September 17, 2012 - September 18, 2012
Collins Conference Room
SARC (Scientists/Artists Research Collaborations) is an interdisciplinary initiative being piloted during Summer 2012 as a featured project of ISEA2012 (International Symposium on Electronic Art), to be held in Albuquerque, Los Alamos, and Santa Fe in late September. Initial science research facility partners are the Los Alamos and Sandia National Laboratories. SARC is a project of 516 ARTS, an Albuquerque 501(c)(3) nonprofit organization, in collaboration with the University of New Mexico. It is funded in part by the New Mexico Consortium and by the Lockheed Martin Foundation.
The two day working group meeting at the Santa Fe Institute will bring together many of the artists and science researchers who will be collaborating during the summer of 2012, culminating in a series of public discussions and presentations between Sept. 14 to 26, including the proposed working group meeting, in coordination with ISEA2012.

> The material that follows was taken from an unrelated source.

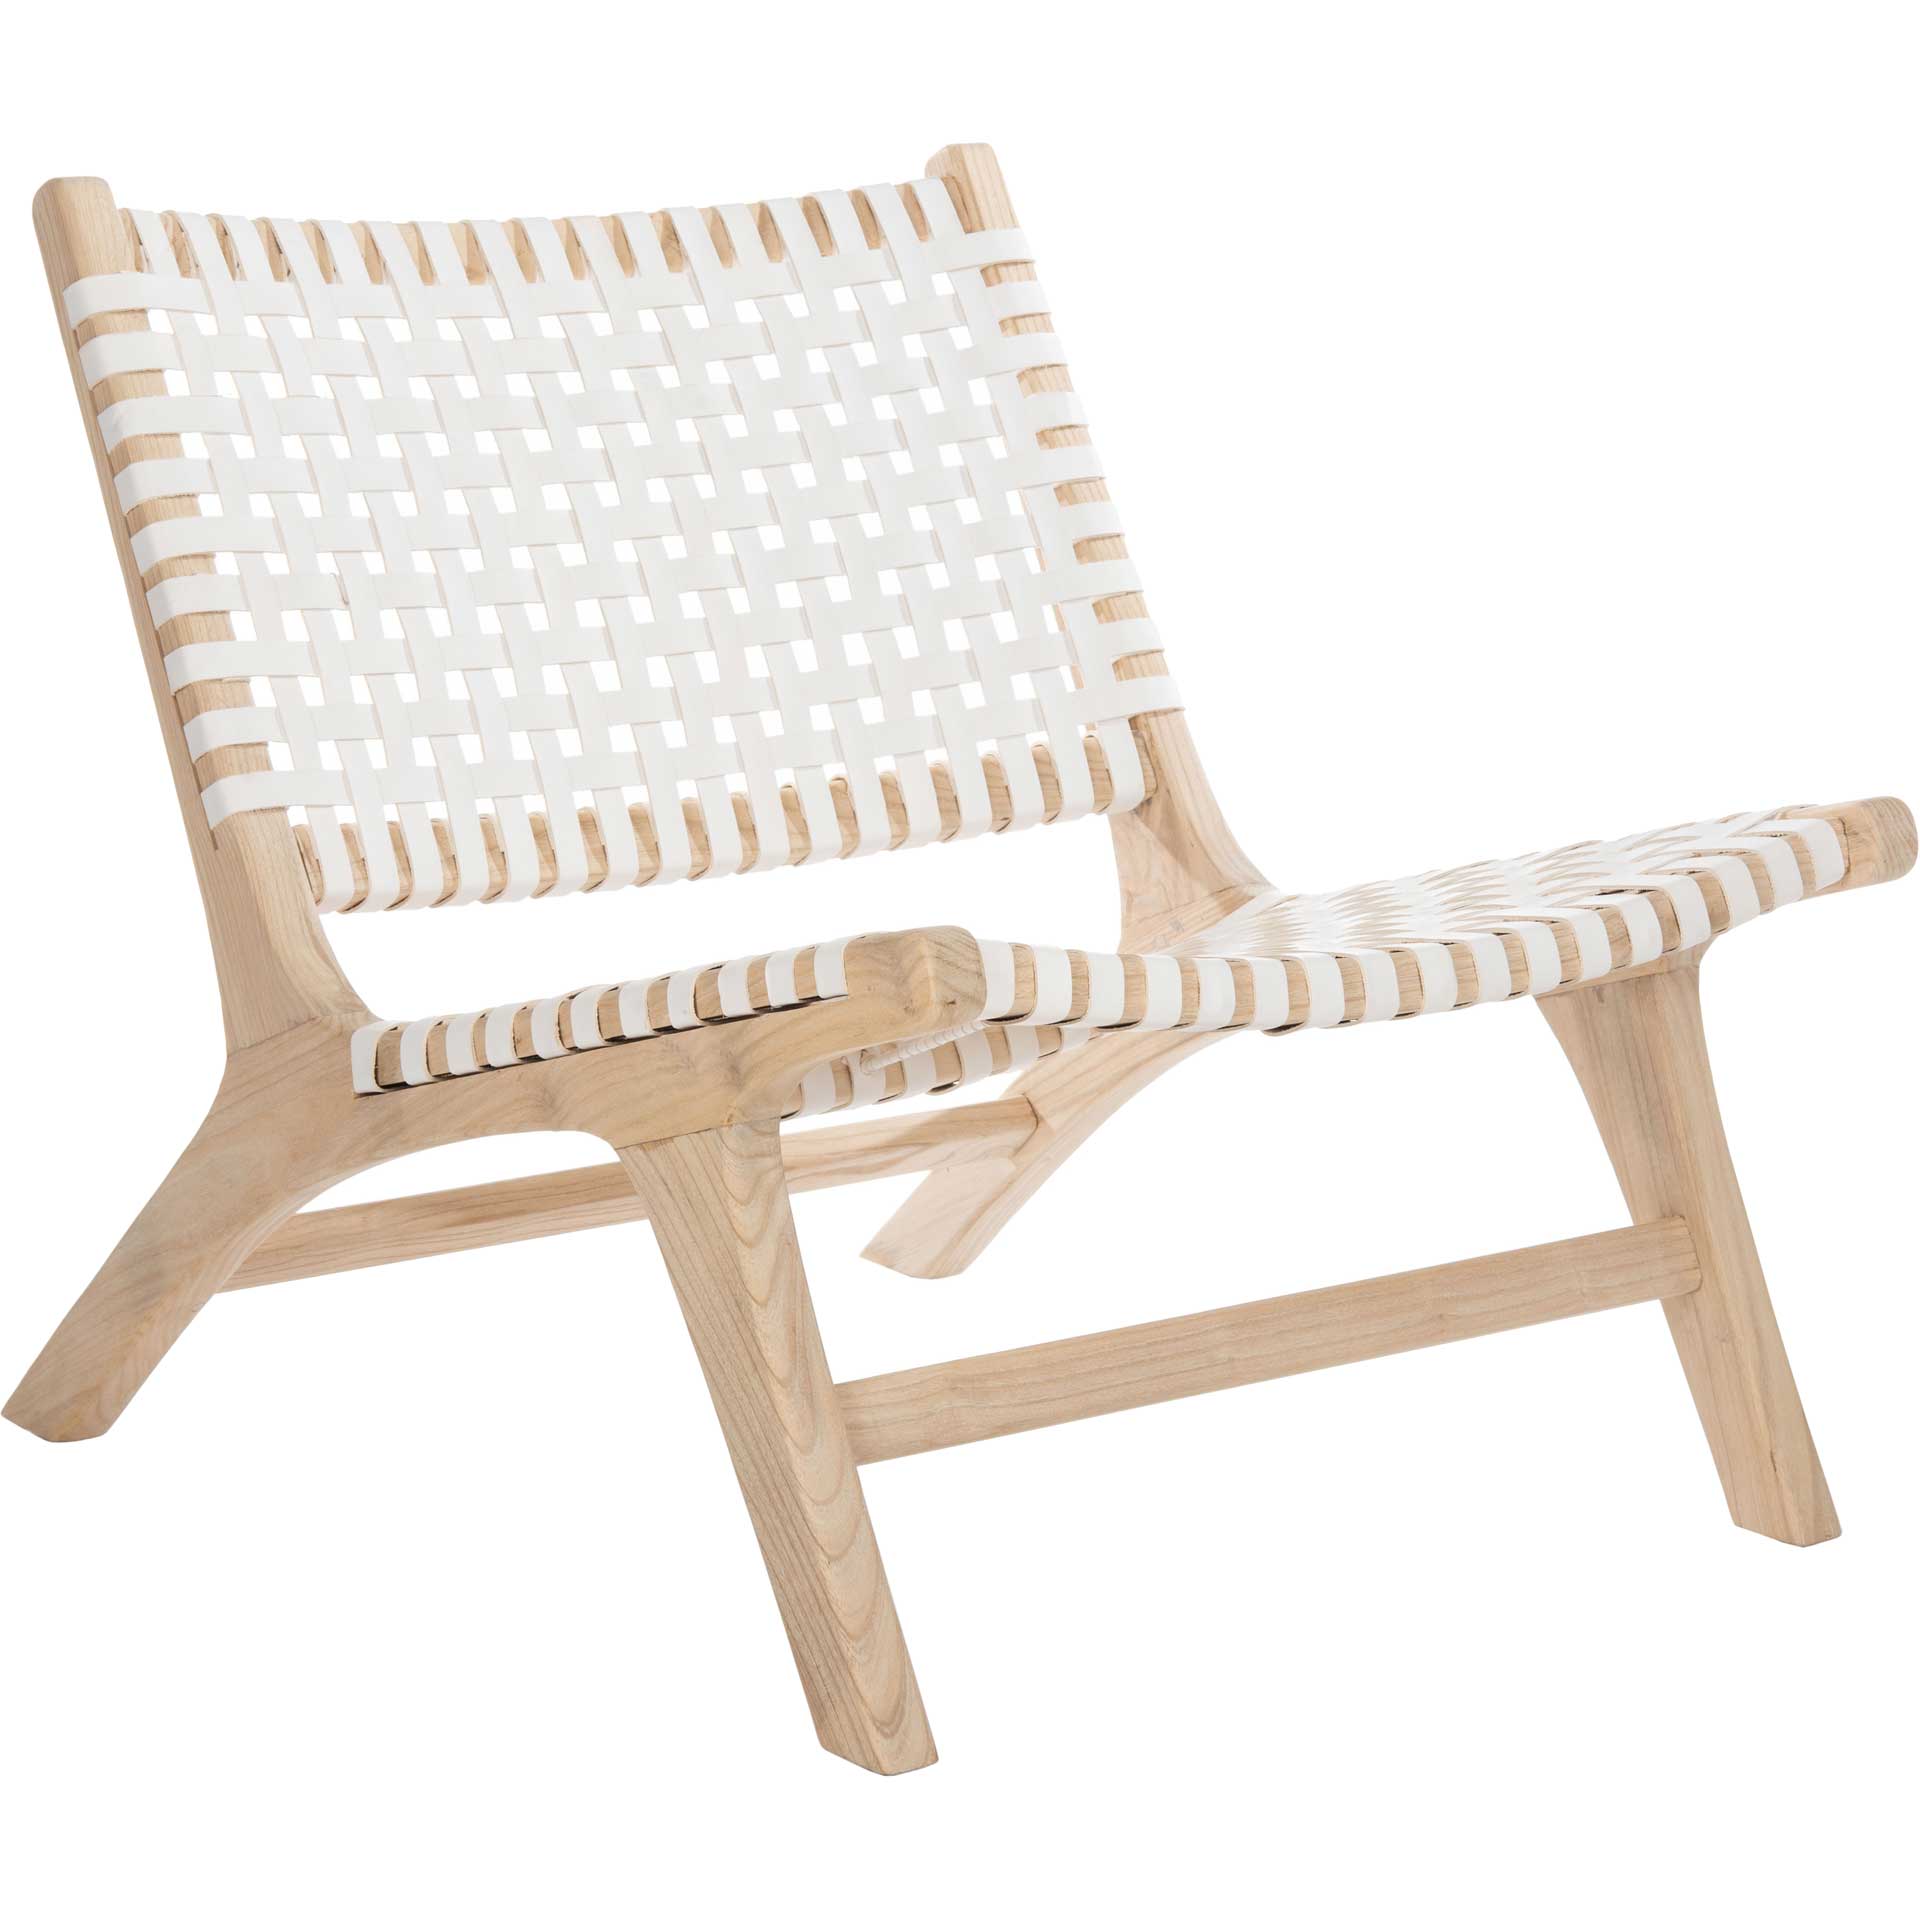 Luke Leather Woven Accent Chair Natural/White

The SARC artists and science research teams bring shared interest and experience in cross disciplinary work with large data sets, complex ecosystem modeling and associated applications, food/health issues, advanced visualization (and sonification) techniques, cognition, memory and perception studies, and creativity applied to improving critical social or environmental understandings and decision-making processes.
The two day working group meeting will include short presentations of prior art-science work and the new collaborative projects among SARC participants, interspersed within formal discussions on relevant topics. In particular, we are interested in exploring the nature, range, outcomes, funding and cross-sector benefits of science-art collaborative research and developments. We expect to use part of the second afternoon to focus explicitly on future directions both for SARC in particular and science/art collaborations in general. We encourage interested members of the SFI community who are on site to participate in the meeting.

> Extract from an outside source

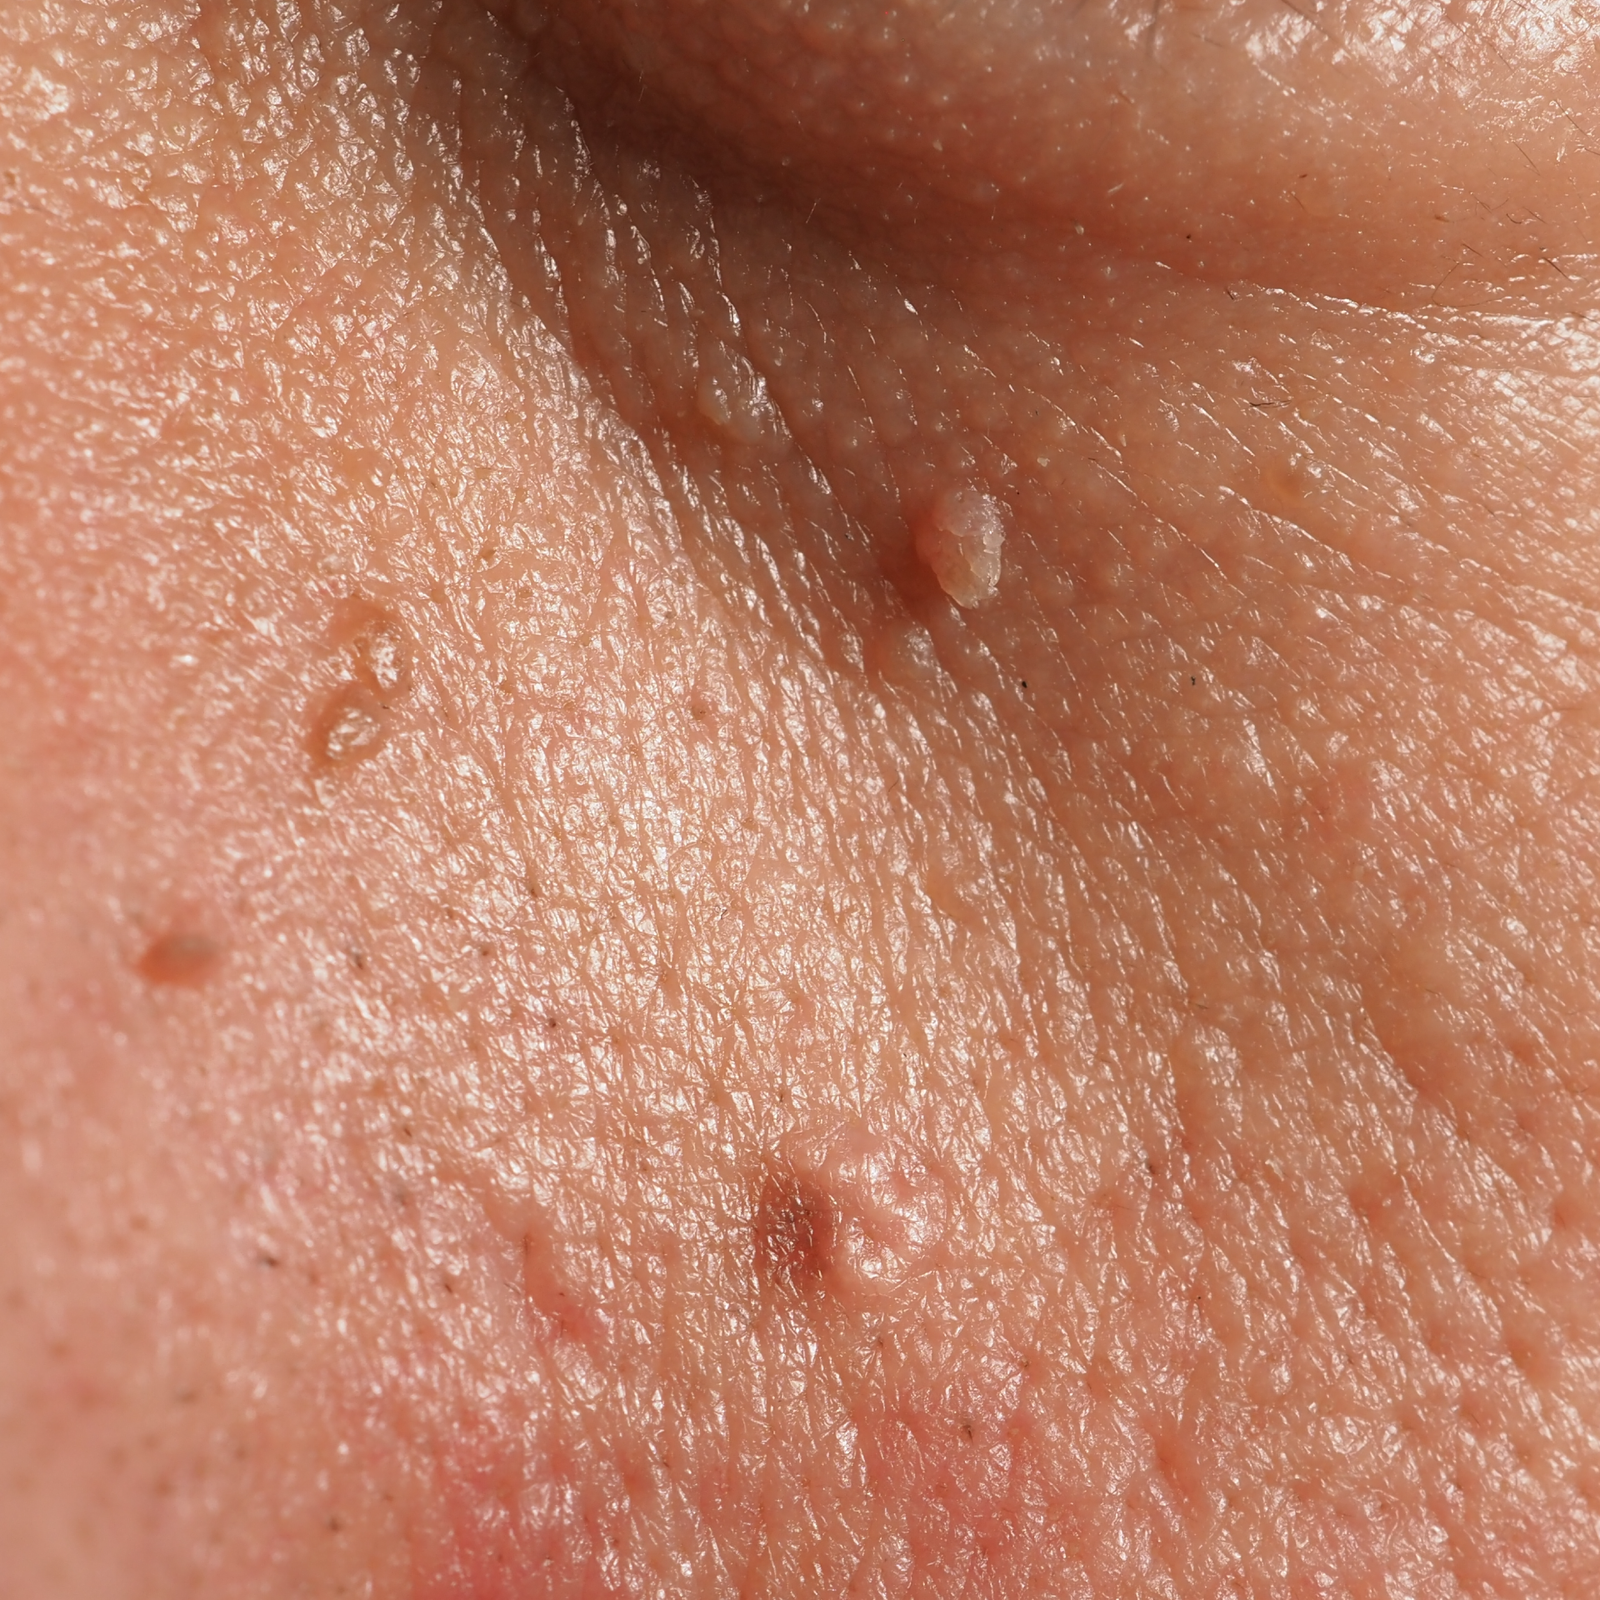 SKIN ANOMALY REMOVAL

The rationale for SARC and for this meeting is that an extended, deep, critical discussion about the potential opportunities for sciences and arts collaboration and exchange is urgently needed. It is time to move beyond the previous generation’s too-narrow focus on art and technology, as mediated primarily by developments and applications of digital media. Too often, such collaborations have either been about artists critiquing or interacting with scientific or technological artifacts, methods, or processes, or have been about scientists acquiring compelling visualizations or other data transcodings from artists. While these types of “science serves art” or “art serves science” projects can be very fruitful, what have generally been missing are collaborations that truly advance both art and science, and society. This endeavor intends to be deeply interdisciplinary, in ways that may provide new means of investigating complex systems of all types; an approach very much in keeping with the Santa Fe Institute’s research mission.